A recent pilot study demonstrated a direct and positive association between alcohol craving and insomnia symptoms, and quetiapine decreased craving in those with insomnia symptoms (He et al., 2019). Quetiapine, an atypical antipsychotic medication approved by the Food and Drug Administration to treat Schizophrenia and Bipolar Disorder is an antagonist of the dopamine (D1 and D2), serotonin (5HT2A), adrenergic (α1 and α2), histamine (H1), and orexin A receptors. Quetiapine is frequently used to treat craving and insomnia in patients with substance use disorders on an “off-label” basis and has been shown to improve sleep quality and continuity in AUD (Chakravorty et al., 2014, Litten et al., 2012). Thus, craving and insomnia may be directly associated with each other as part of an acute or subacute alcohol withdrawal syndrome after an abrupt cessation or a decrease in alcohol use, and treatments like quetiapine may modify both these clinical features, thereby offering promise to decrease the risk of alcohol consumption in AUD (Brooks et al., 2021, Chakravorty et al., 2010, Miller et al., 2017).

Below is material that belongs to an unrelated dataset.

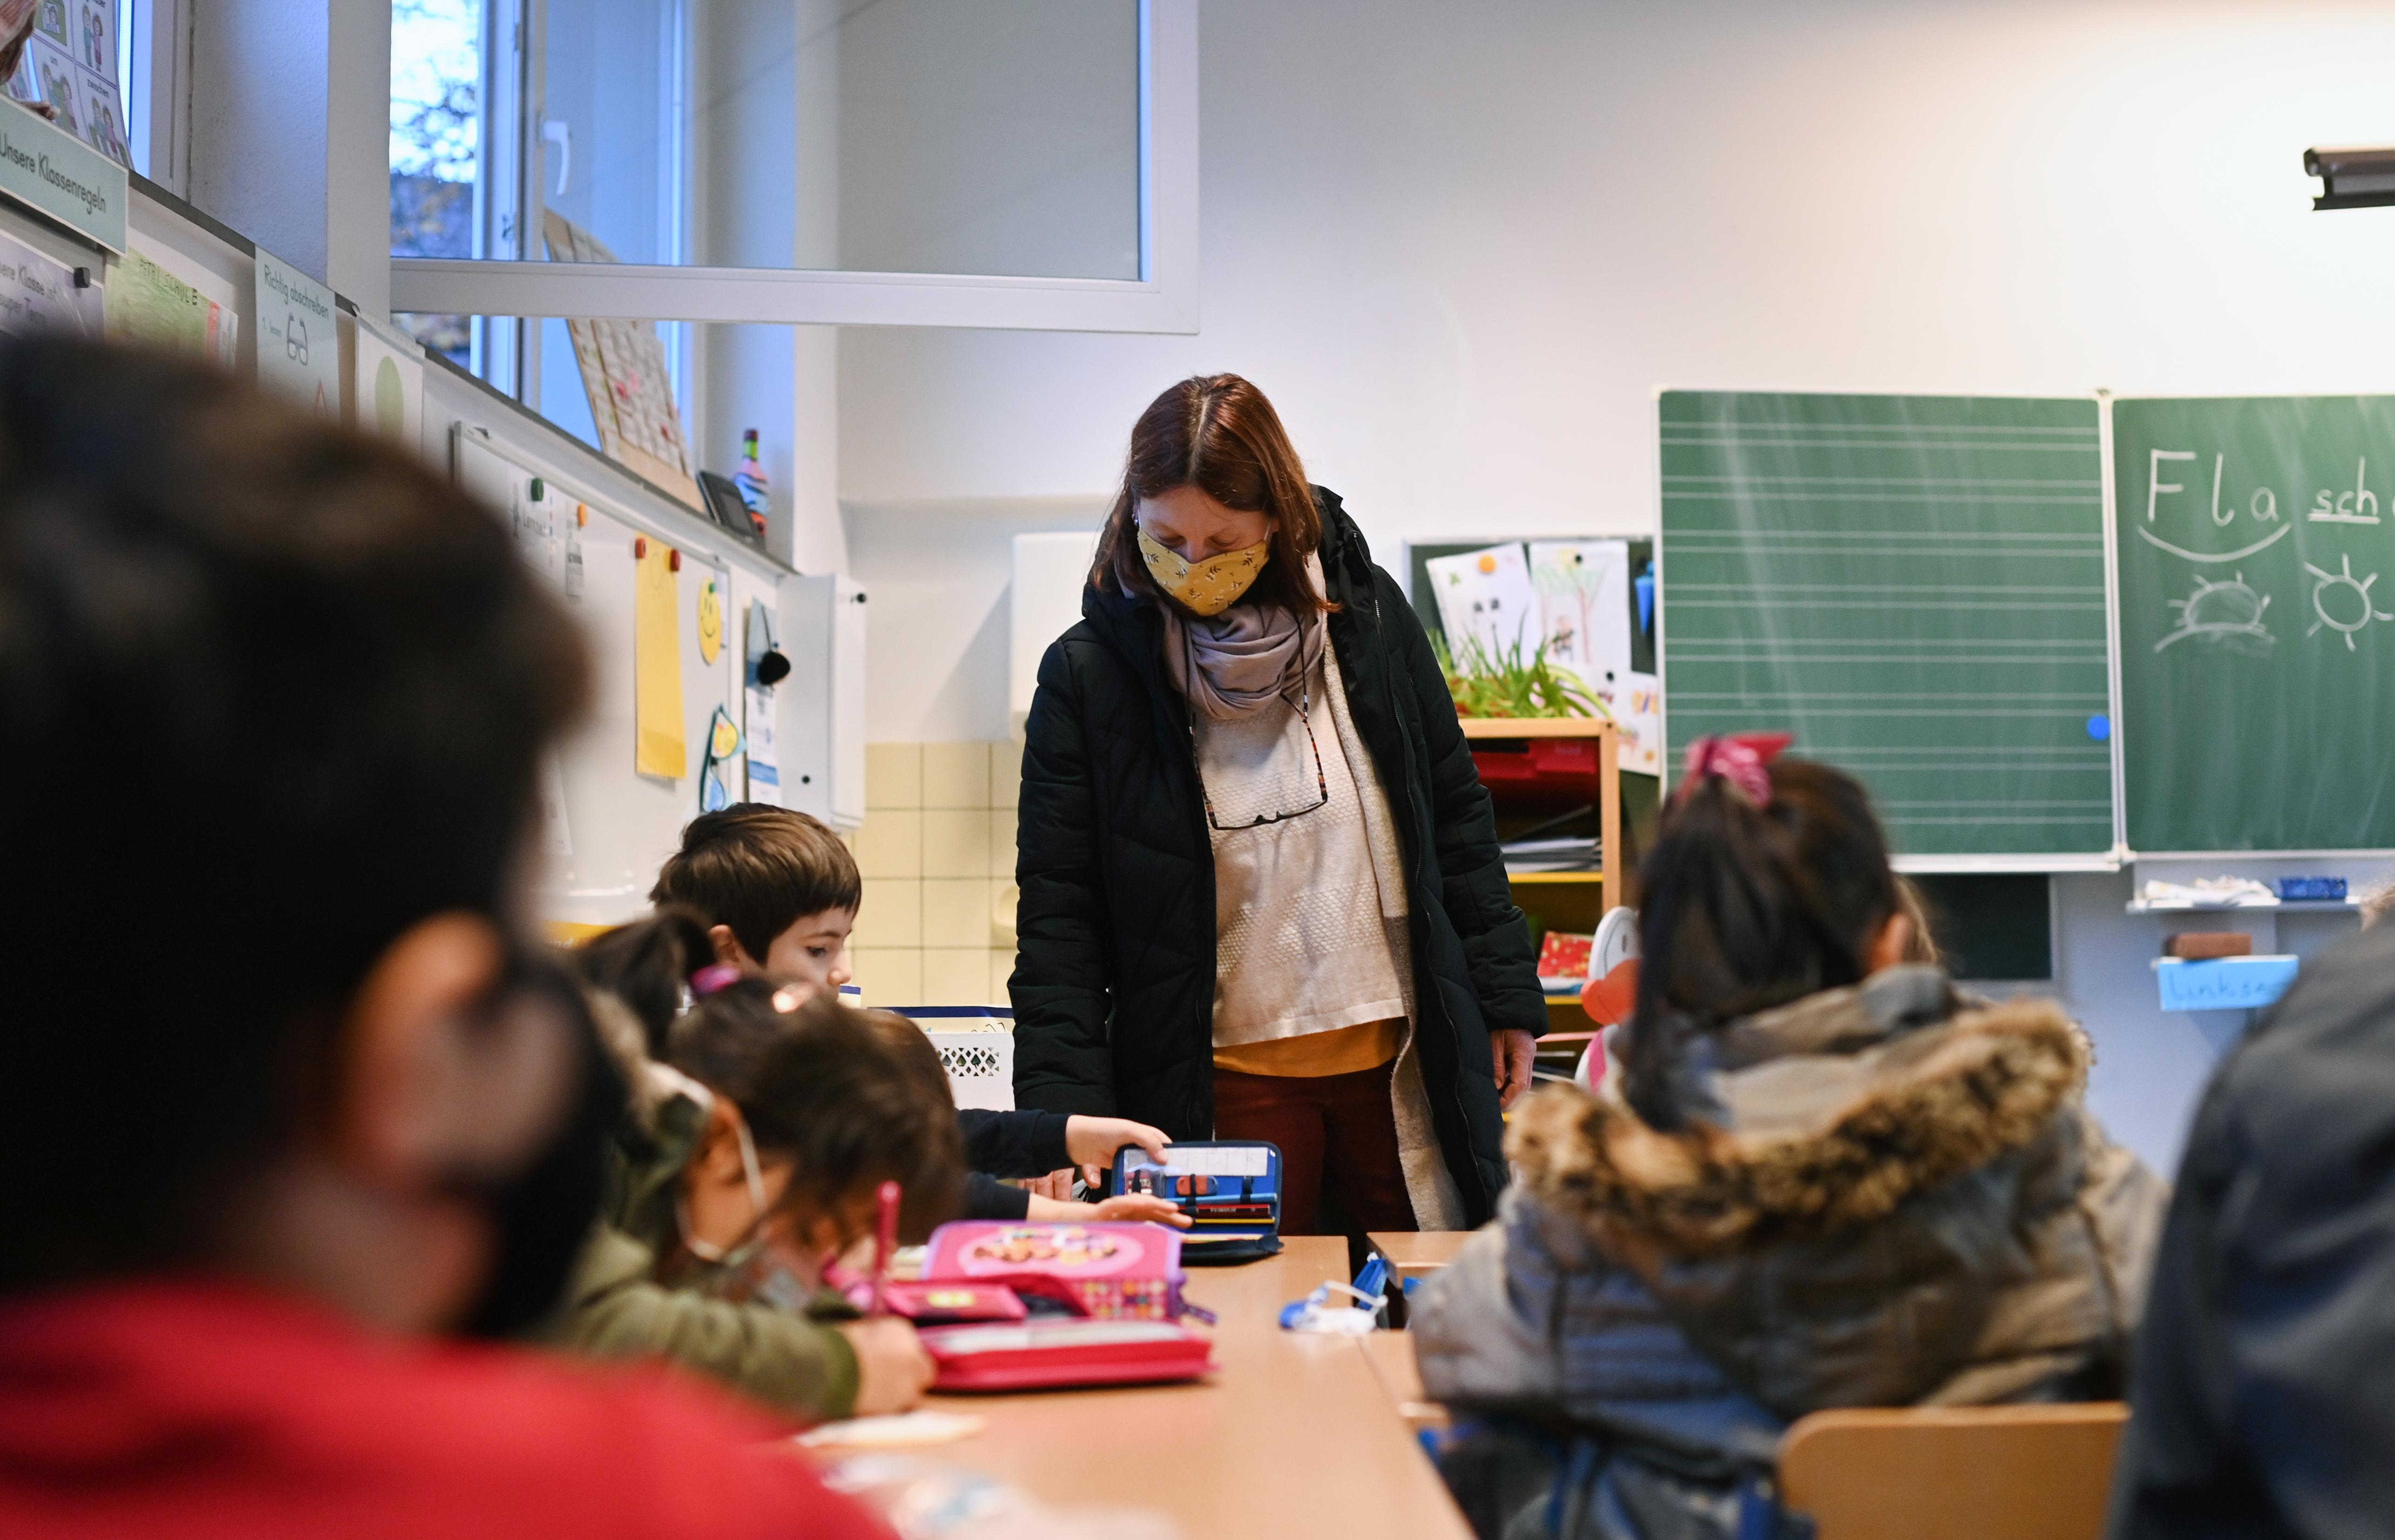 """Rétvári szerint a keleti vakcináknak köszönhetően """"a magyar pedagógusok hamarabb lesznek beoltva, mint az EU többi tagállamának pedagógusai"""""""

He and colleagues conducted the first investigation that directly evaluated this relationship between craving and insomnia and whether quetiapine treatment improved craving and insomnia (He et al., 2019). They investigated this relationship using the Penn Alcohol Craving Scale (PACS) to evaluate craving and the short sleep index (SSI) to evaluate insomnia symptoms in a sample of treatment-seeking patients with alcohol dependence (moderate – severe AUD). Their cross-sectional analysis showed that craving was positively associated with difficulty falling asleep and the SSI total score. Treatment with quetiapine in the subgroup of subjects with insomnia symptoms showed a relatively steeper decline in the PACS total score, relative to the subgroup without insomnia symptoms at baseline. Thus, this study showed a positive relationship between craving and insomnia symptoms. Furthermore, treatment with quetiapine differentially improved craving in those complaining of insomnia symptoms at baseline. Additional investigations are needed to demonstrate that this relationship between alcohol craving and insomnia also exists among those with co-occurring AUD and insomnia disorder (insomnia, a disorder with impaired daytime functioning), and the role of quetiapine treatment in improving insomnia severity and craving.

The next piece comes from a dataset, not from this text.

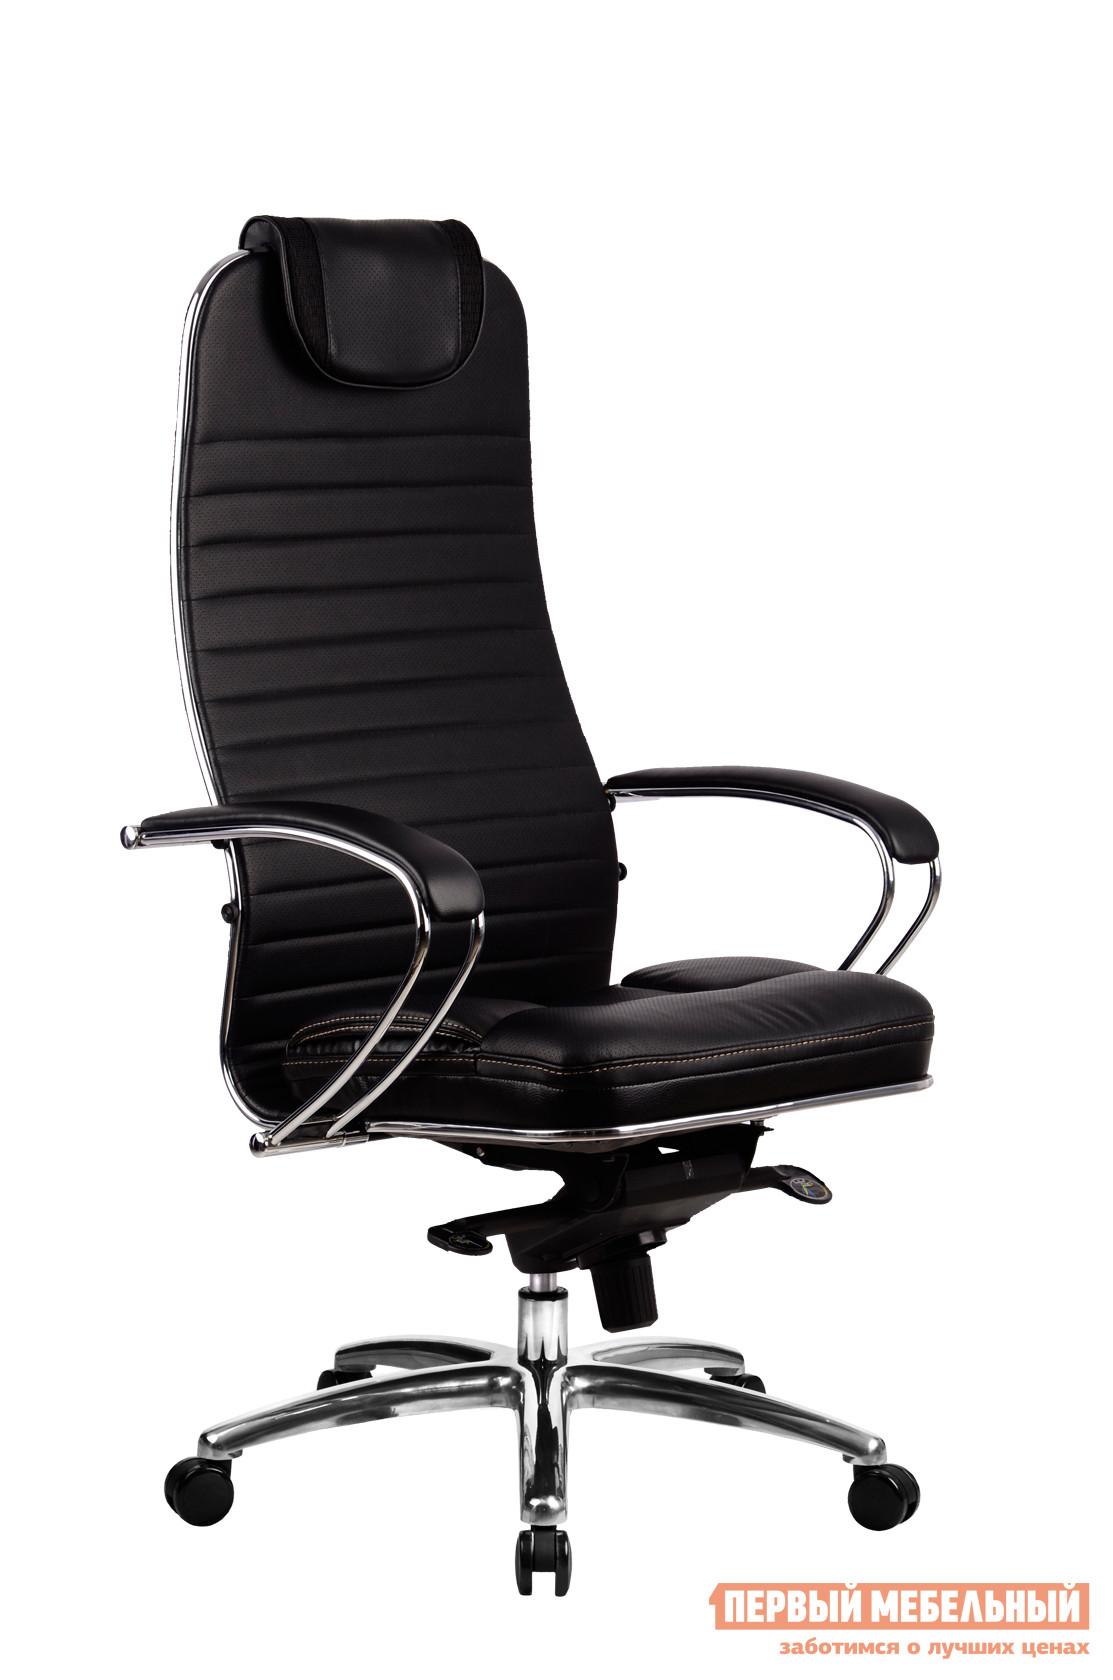 Кресло руководителя Метта Samurai KL-1.02 samurai kl 3

The current study extends the existing literature by re-evaluating this relationship between craving and insomnia in a larger sample of subjects with AUD, utilizing an insomnia rating scale commonly used in clinical practice, and evaluating the effect of quetiapine on insomnia and craving. We hypothesize that treatment with quetiapine will be associated with a greater improvement in insomnia and craving in those with insomnia at baseline, relative to the other groups, and that these improvements will be reversed after end of treatment. Positive results will help clinicians better understand this relationship and guide them with evidence-based treatment options in patients with co-occurring insomnia and AUD, a subgroup of patients with AUD who are at a higher risk of adverse health outcomes (Chakravorty et al., 2016).